Les cellules utilisent une molécule peu connue pour se protéger contre la surcharge en fer
Des chercheurs du Massachusetts Institute of Technology (MIT) ont découvert que les cellules comptent sur des molécules appelées polyamines pour se prémunir contre les effets nocifs d’un excès de fer. Cette découverte, publiée le 14 août dans la revue Cell, révèle que les polyamines agissent comme des « casiers de stockage » pour le fer, maintenant ce métal dans un état non réactif jusqu’à ce que les cellules en aient besoin.
Le fer est essentiel pour la production d’énergie, le transport de l’oxygène et de nombreuses réactions chimiques vitales. Cependant, lorsqu’il est présent en excès, il peut provoquer des réactions destructrices qui endommagent l’ADN, les protéines et les membranes cellulaires.
Les chercheurs, dirigés par Ankur Jain, professeur associé de biologie au MIT, et Whitney Henry, professeur assistant de biologie, ont également inclus Pushkal Sharma, doctorant, dans leur étude. Ils ont utilisé une approche génétique à grande échelle pour examiner les processus cellulaires affectés par des variations des niveaux de polyamines. Ils ont constaté qu’une protéine nommée GPX4 devient essentielle lorsque les niveaux de polyamines sont réduits, protégeant les cellules des réactions chimiques nuisibles.
En développant un nouveau capteur fluorescent, les chercheurs ont pu mer le fer réactif dans les cellules vivantes. Ils ont observé qu’une diminution des polyamines était corrélée à une augmentation du fer chimiquement réactif, confirmant ainsi le rôle protecteur des polyamines.

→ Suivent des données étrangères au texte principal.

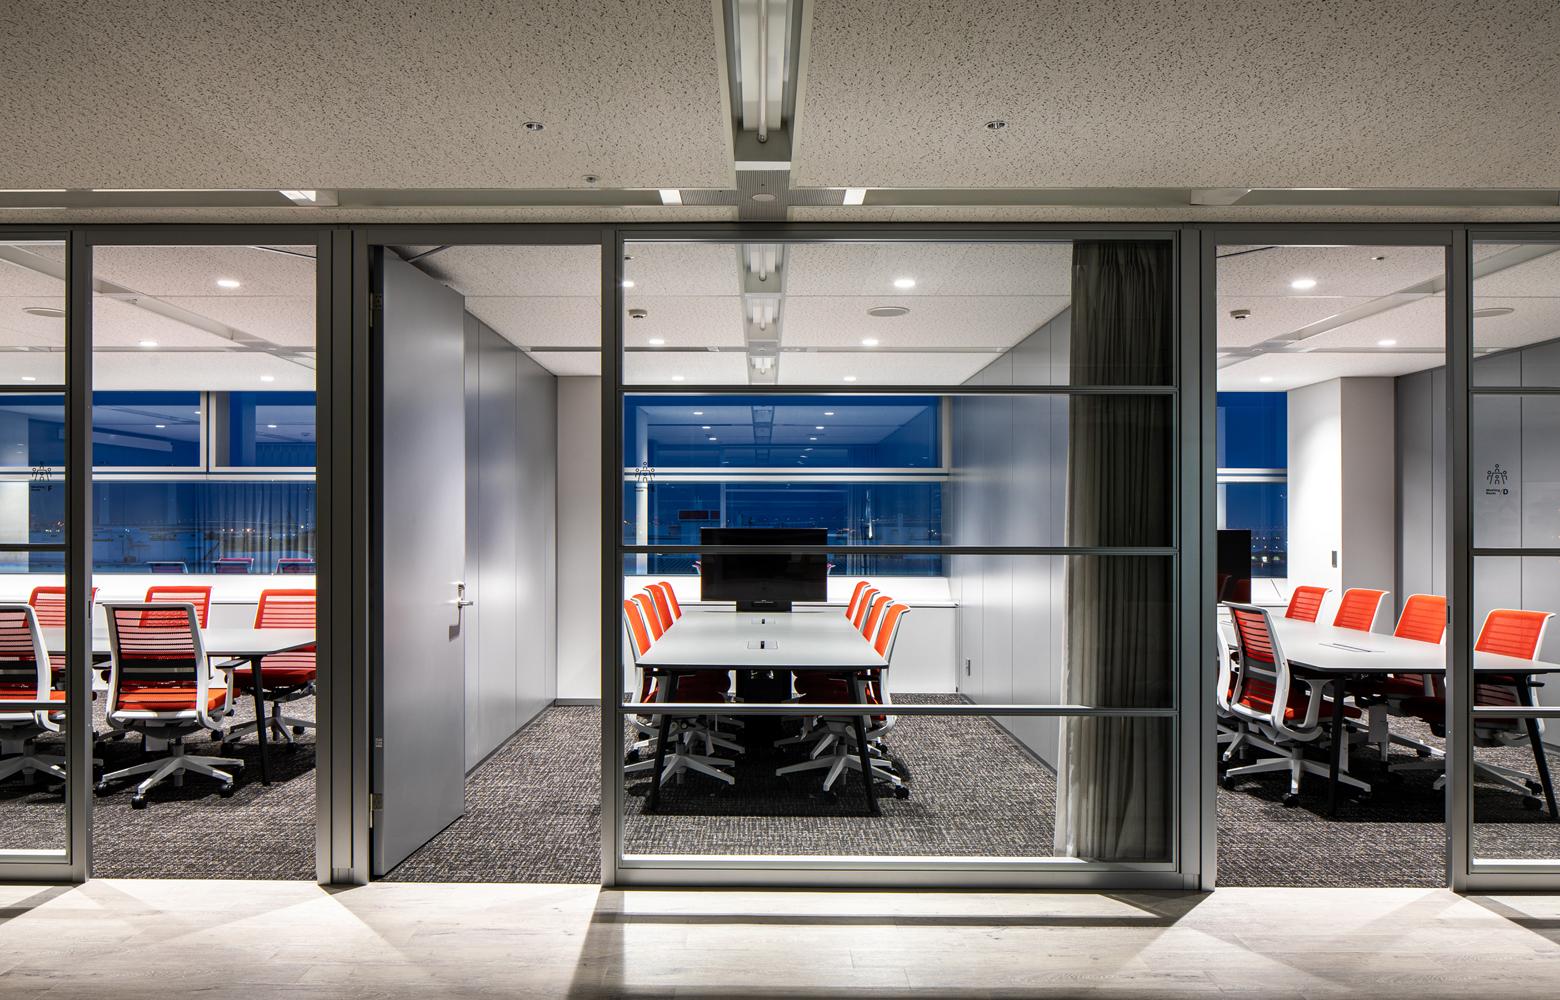 キリンエンジニアリング株式会社 Meeting Room デザイン・レイアウト事例
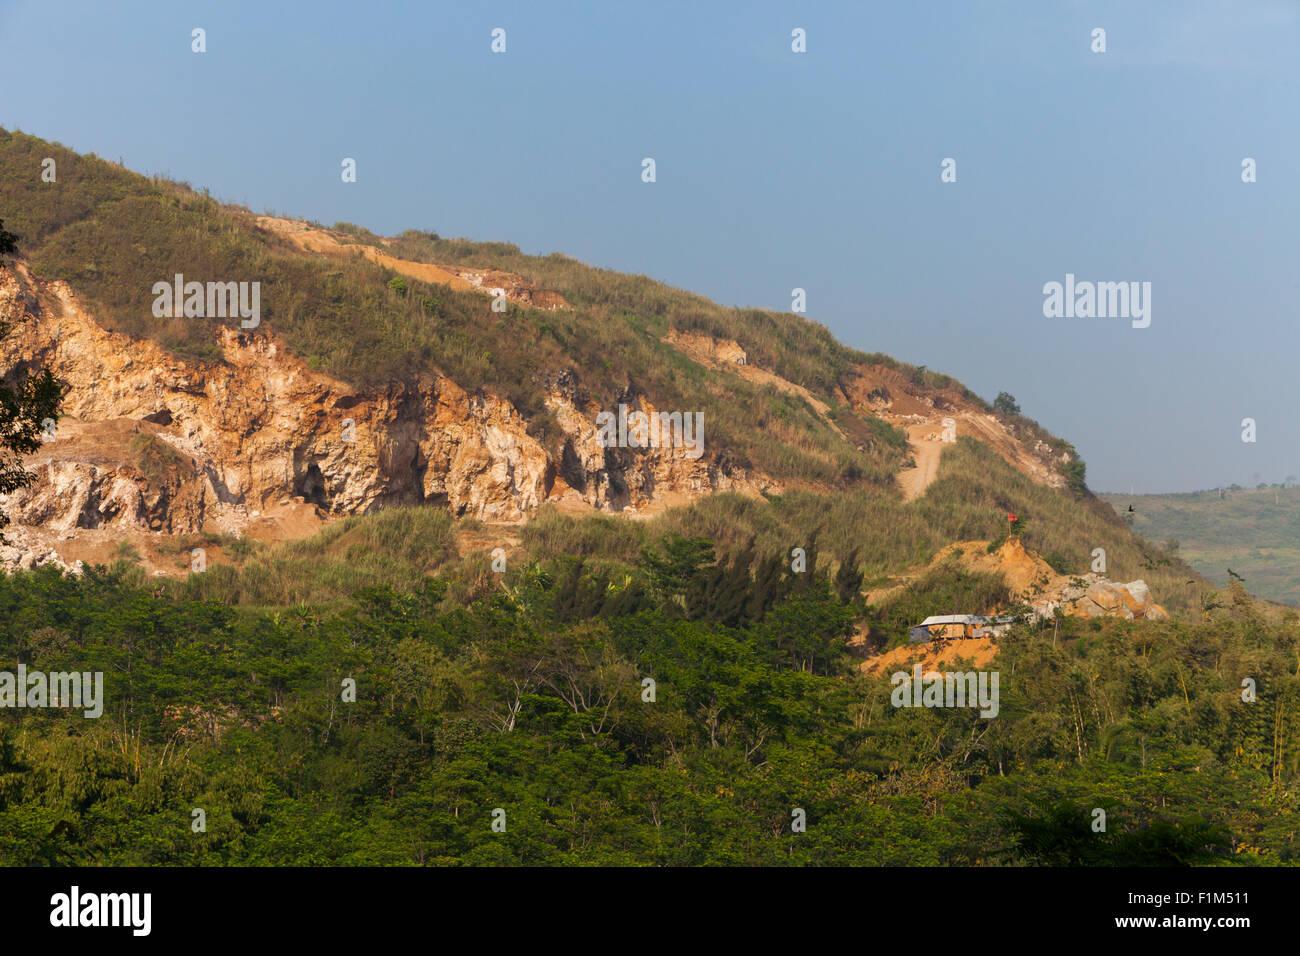 Karst hill in Bandung Basin. Stock Photo

Ces résultats pourraient avoir des implications significatives pour le traitement du cancer, car les cellules cancéreuses dépendent souvent de niveaux élevés de polyamines pour leur croissance rapide. De plus, des mutations dans les gènes régulant les polyamines sont liées à des formes rares de la maladie de Parkinson, qui présentent également des niveaux de fer anormalement élevés dans le cerveau.
Cette recherche ouvre de nouvelles voies pour comprendre les mécanismes biologiques sous-jacents à ces maladies et pourrait conduire à des traitements plus efficaces à l’avenir.
Cette étude a été soutenue par des subventions des National Institutes of Health, de la Bumpus Foundation et des Pew Charitable Trusts.